Frac sand drilling plans in North Arm, including popular beach, raise concerns

The Yellowknives Dene First Nation, the North Slave Métis Alliance and the Tlicho government have all expressed concerns with Husky Oil Operation's plan to drill west of Yellowknife for silica, a type of sand used during the process of hydraulic fracturing.

N.W.T. aboriginal groups weigh in on Husky Oil's plan to drill for frac sand in Tlicho region

Husky's proposed drilling project would take place 50 km west of Yellowknife, in the Chedabucto Lake area on the north arm of Great Slave Lake.

Some N.W.T. aboriginal groups are expressing concern with Husky Oil Operation's plan to drill for high-quality silica sand near a popular area on the north arm of Great Slave Lake.

The Yellowknives Dene First Nation, the North Slave Métis Alliance and the Tlicho Government have all cited issues with Husky's proposed Chedabucto exploration project, which would take place 50 kilometres west of Yellowknife. 

At its north end, the claim block where Husky hopes to begin work includes an area called Whitebeach Point, known for its smooth, white sand and a popular area for beachgoers, fishers and even hunters.

"There are some people who are concerned about the area and the environmental impacts," says Behchoko Chief Clifford Daniels. "Lots of people do go out there from Behchoko. Some people have some traditional trails out there too. Even myself."

The Tlicho government says it's concerned that not all the drilling locations have been specified by Husky and that some drilling may occur in Dinàgà Wek'èhodì, an ecologically-diverse, 590-square-kilometre area that the Tlicho Government and other groups hope to set aside for conservation per the NWT Protected Areas Strategy. 
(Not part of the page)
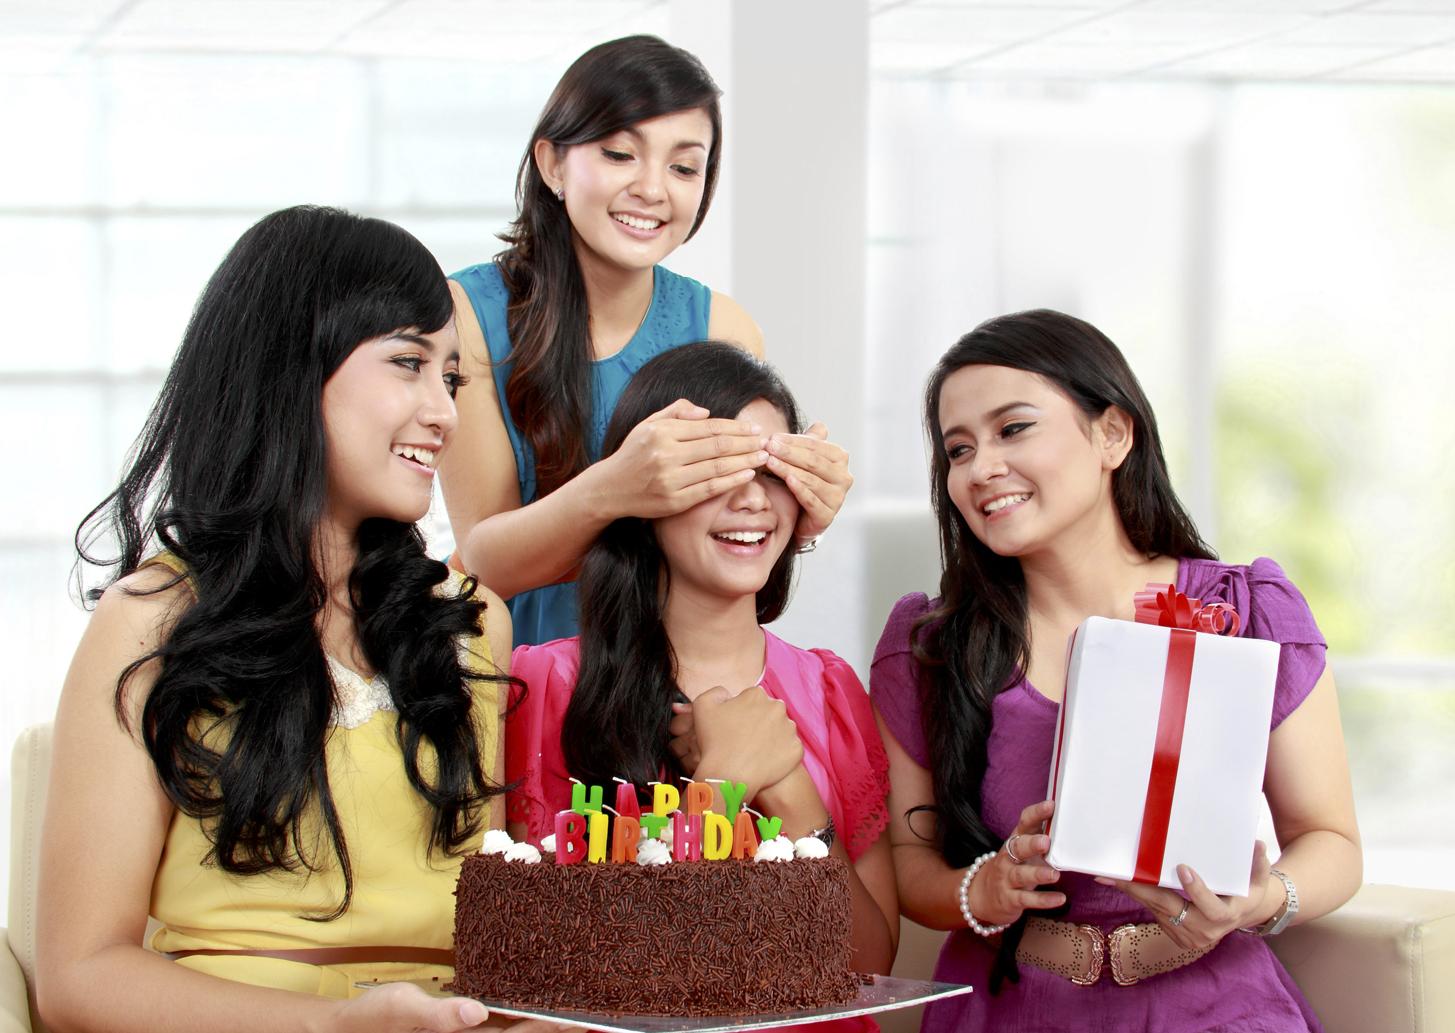 Kiat Melakukan Persiapan Sebelum Pesta Kejutan Ulang Tahun

The Tlicho governments wants the Wek'eezhii Land and Water Board, which is currently reviewing Husky's application to determine whether it should undergo an environmental assessment, to include a measure in Husky's land use permit ensuring the company does not drill in the proposed protected area.

According to staff at the territorial government's Protected Areas Strategy Secretariat, there is only a small amount of overlap between Husky's claim block and Dinàgà Wek'èhodì, known for hosting boreal woodland caribou, wolverines and short-eared owls.

But staff say Husky is allowed to drill there because its land was staked prior to the 2013 institution of a temporary land withdrawal for Dinàgà Wek'èhodì.

That 'F' word again

The Tlicho government says silica's use in the process of hydraulic fracturing — as a "proppant" used to prop open underground cracks created during fracking — has some Tlicho members confused and apprehensive.

"I've heard people say, 'Fracking — where? Is it in the Tlicho area? Where's this going to happen?'" says Daniels. "But that fracking isn't going to happen in our area. It's somewhere else."

The Yellowknives Dene First Nation had given the project its conditional support based on a program of 100 drill holes. But with the company's application now calling for approximately 200 drill holes, "YKDFN is not prepared to support an expanded drill program," the band recently wrote the land and water board.   

Husky hopes to begin its drill program in March or April. 

A decision on whether the project will require an environmental assessment before Husky receives its permit is expected in February.